Missions v. Missional Part 4

This perspective of a missional church starkly contrasts the typical church today that sees itself as a church that has missions.  In these churches, missions are always done by a specially called person who is a missionary.  Missions is always done in a foreign country.  Missions is a program or ministry that is run by a committee in the church.  The church goes on mission trips, has a missions fund, and has a missions bulletin board in the foyer with a map of the world with colored pushpins in it.  Missions is completely separate from the church and exist out of the church.  The church has missions.

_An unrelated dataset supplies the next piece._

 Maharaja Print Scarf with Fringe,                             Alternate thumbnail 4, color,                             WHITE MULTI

Whereas a missional church understands the opposite—the mission of God has a church.  This perspective changes everything.  This means that the mission field is where the church is.  We are all missionaries.  There is no missions program.  Instead, every program and ministry is a missional program.  The church doesn’t run missions—the mission runs the church.  The church doesn’t have a mission.  The mission has a church.  This is what it means to be a missional church.  Being missional isn’t the next catchy fad, but instead it is being caught up in the mission of God.

19Feb/100

Missions v. Missional Part 3

The word missional also gets its meaning and understanding from John 20:21 when Jesus tells his disciples, “As the Father has sent me, even so I am sending you.” We must understand that the Father sent Jesus.  God is a missionary God.  God is on a mission to reconcile the entire world to Himself.  Therefore, the Father sent Jesus into the world to usher in the Kingdom of God in order to begin this reconciliation.  This is what theologians call the Missio Dei (Latin for Mission of God).

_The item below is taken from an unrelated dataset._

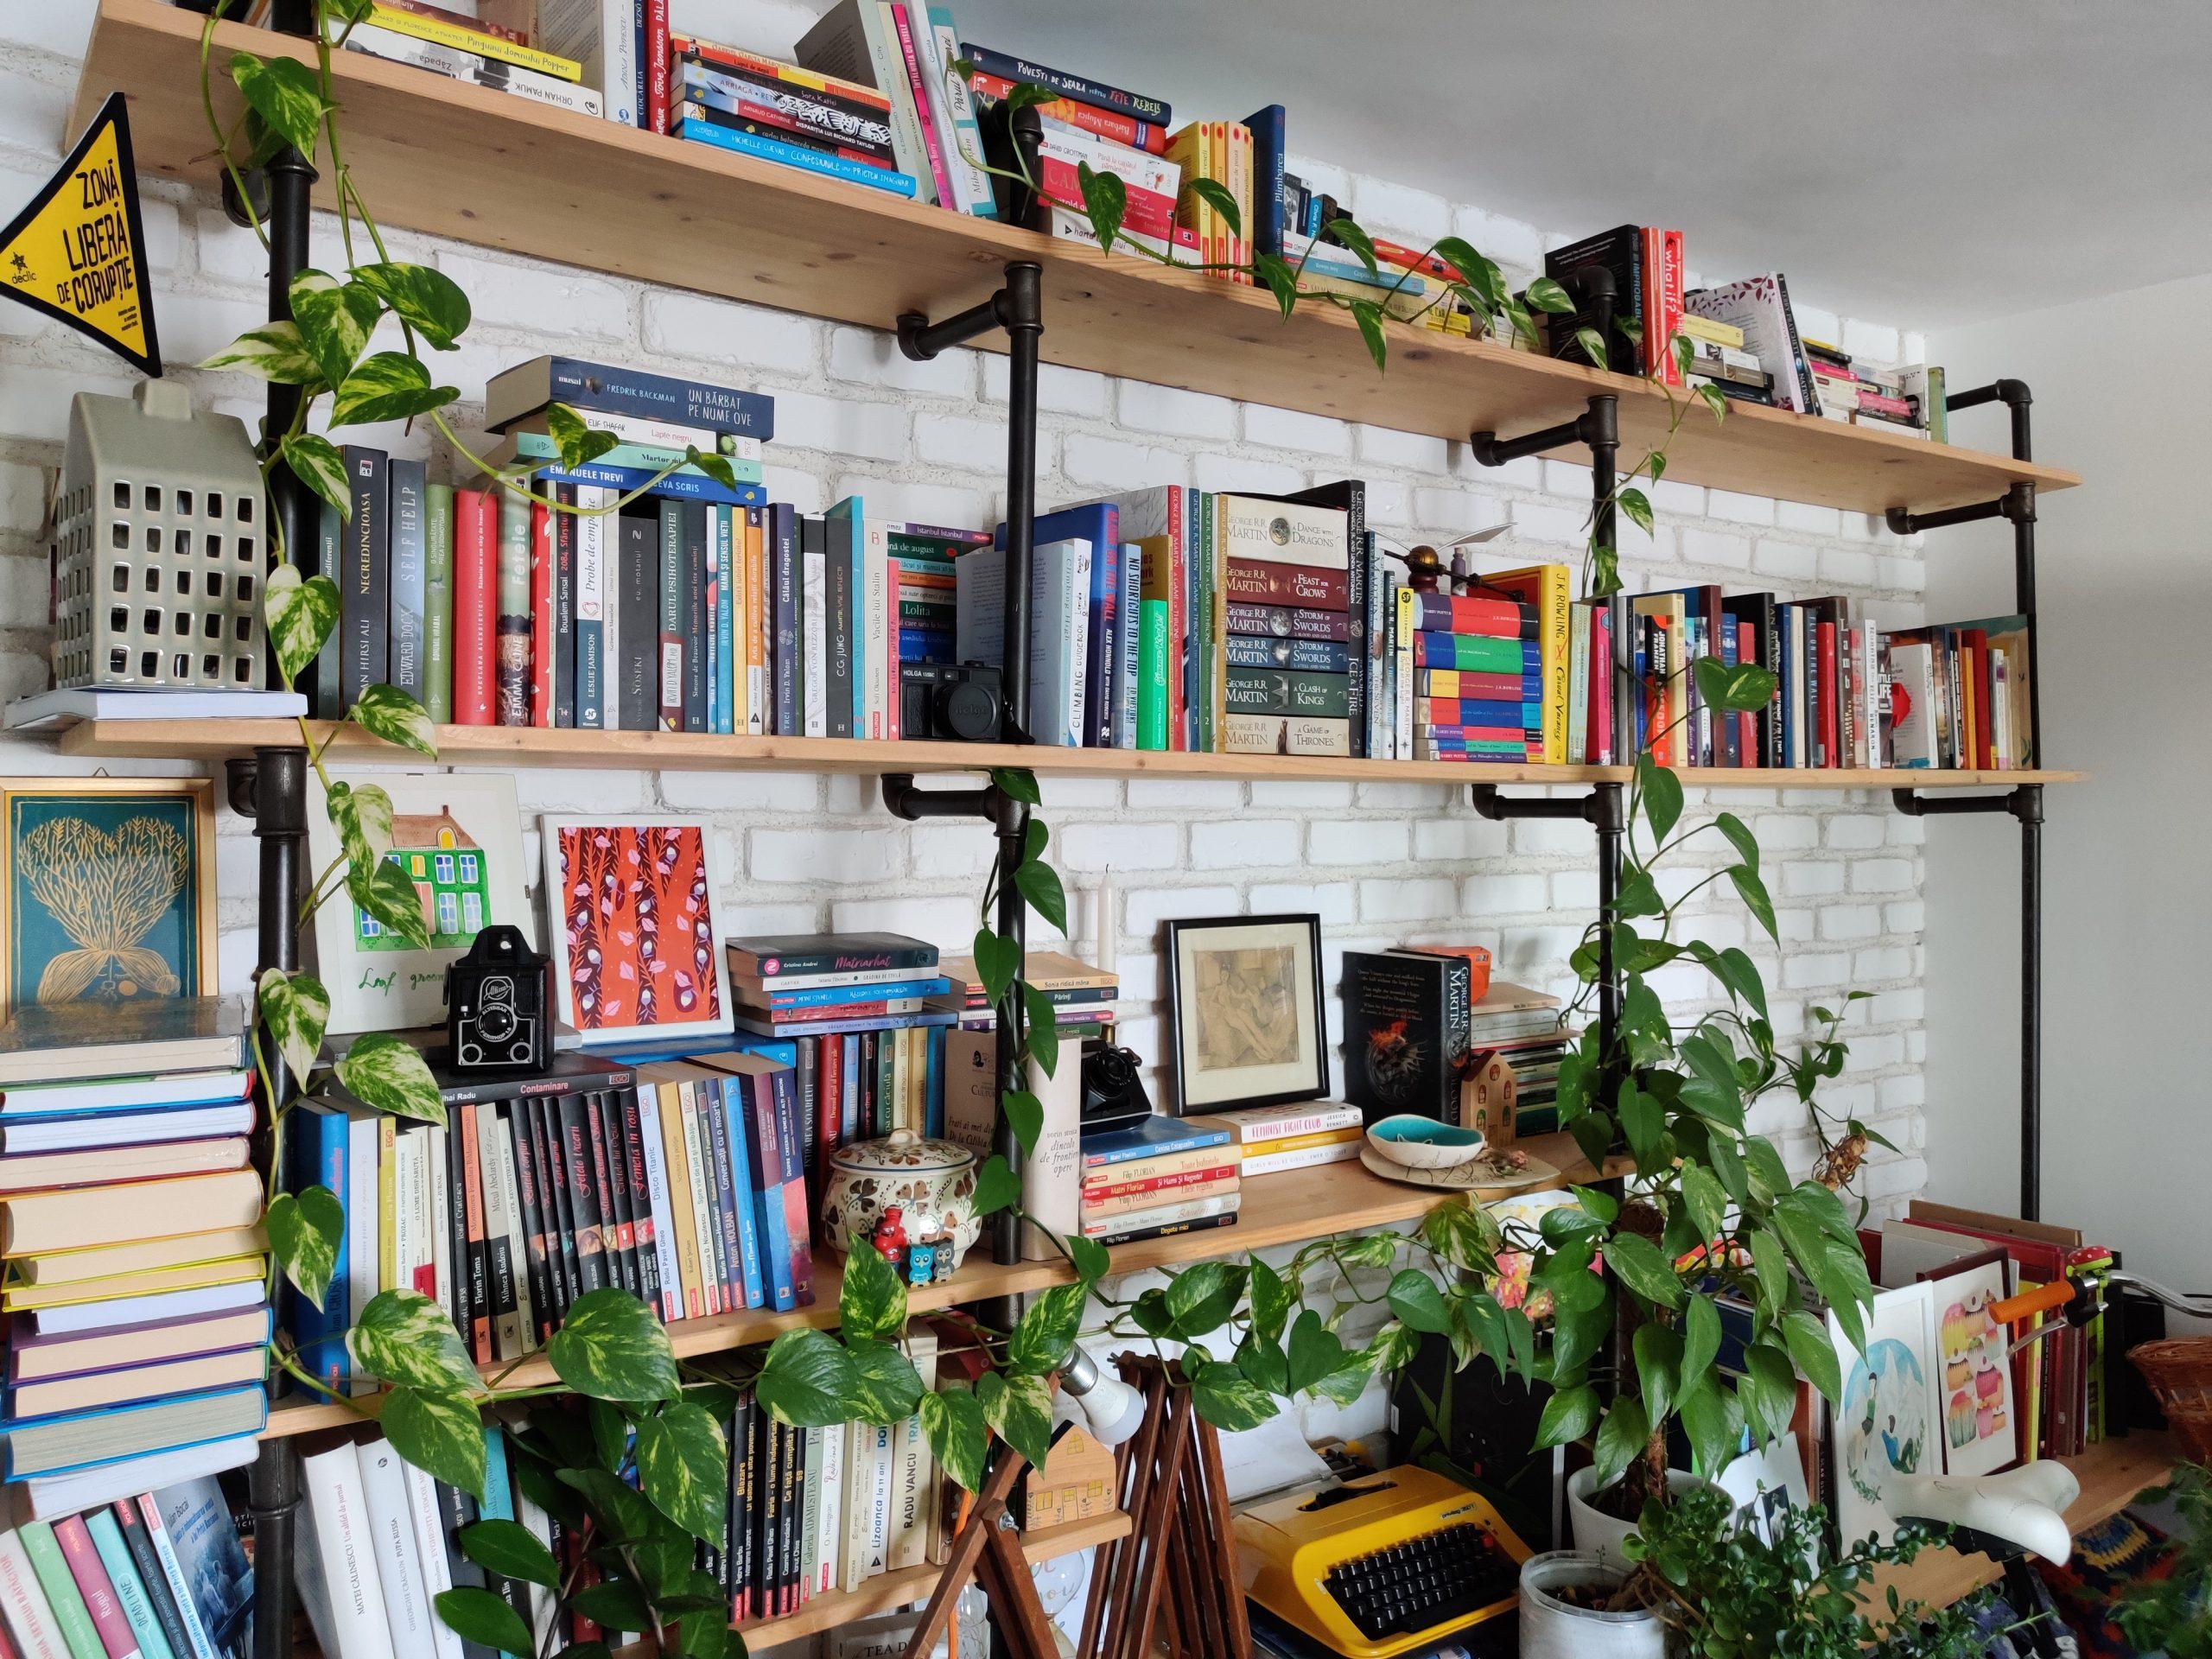 multe plante

Jesus then tells his disciples that he is sending them on the same mission.  Jesus calls his church to go into the world and to share that the King has come and that we can be reconciled to the Father.  Being a missional church means that you understand that the church is sent on mission as an instrument and as a sign of the Missio Dei.  Although the word missional has only been used for a few years, the concept has been around since the 1950s.  Darrell L. Guder and Lois Barrett tell us the following:

By mid-century, the emphasis in mission thought shifted toward a theocentric approach that, in contrast, stressed the mission of God (Missio Dei) as the foundation for the mission of the church.  The church became redefined as the community spawned by the mission of God and gathered up into that mission.  The church was coming to understand that in any place it is a community sent by God.  “Mission” is not something the church does, a part of its total program.  No, the church’s essence is missional, for the calling and sending action of God forms its identity.  Mission is founded on the mission of God in the world, rather than the church’s effort to extend itself.[1]

A missional church exists because of and for the mission of God.

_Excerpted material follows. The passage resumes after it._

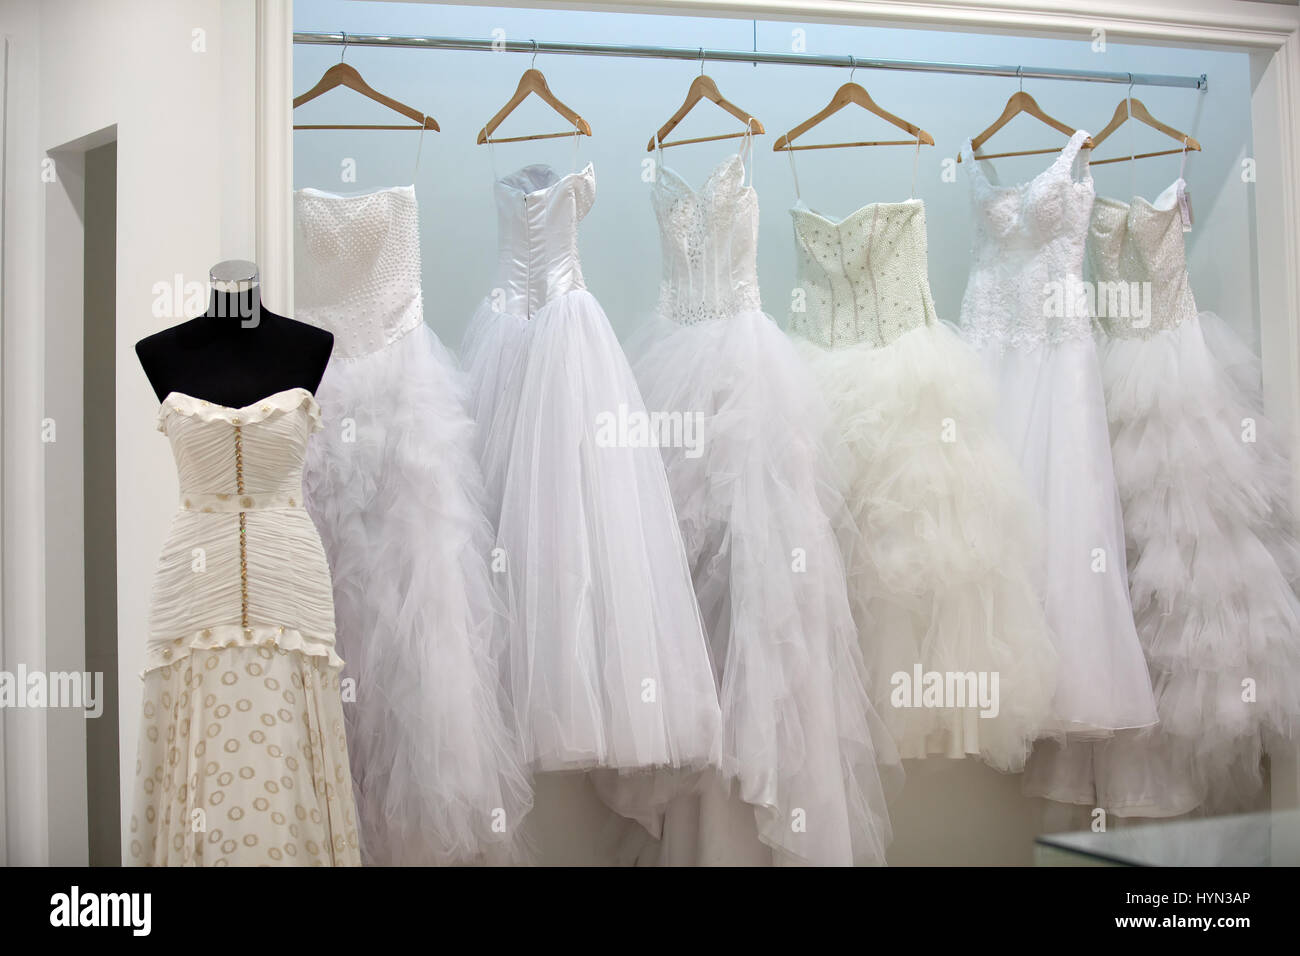 Garment Shop Stockfotos & Garment Shop Bilder - Alamy

[1] Darrell L. Guder and Lois Barrett, Missional Church: A Vision for the Sending of the Church in North America (Grand Rapids, Michigan: Wm. B. Eerdmans Publishing Company, 1998), 82.

17Feb/100

Missions v. Missional Part 2

The word missional’s meaning is rooted deeply within the understanding of the church’s purpose. This purpose displays itself in three different ways. The church is a missionary sent on mission as a sign and instrument of the Missio Dei. The first area in which we are called to be missional is as a missionary in our own culture. The general idea of a missionary is a person in a foreign country in a completely non-Christian culture. But in reality, today all Christians live in non-Christian cultures. Tim Keller gives insight into this reality by focusing on the missionary Lesslie Newbigin:

The British missionary Lesslie Newbigin went to India around 1950. There he was involved with a church living ‘in mission’ in a very non-Christian culture. When he returned to England some 30 years later, he discovered that now the Western church too existed in a non-Christian society, but it had not adapted to its new situation. Though public institutions and popular culture of Europe and North America no longer ‘Christianized’ people, the church still ran its ministries assuming that a stream of ‘Christianized,’ traditional/moral people would simply show up in services. Some churches certainly did ‘evangelism’ as one ministry among many. But the church in the West had not become completely ‘missional’—adapting and reformulating absolutely everything it did in worship, discipleship, community, and service—so as to be engaged with the non-Christian society around it. It had not developed a ‘missiology of western culture’ the way it had done so for other nonbelieving cultures.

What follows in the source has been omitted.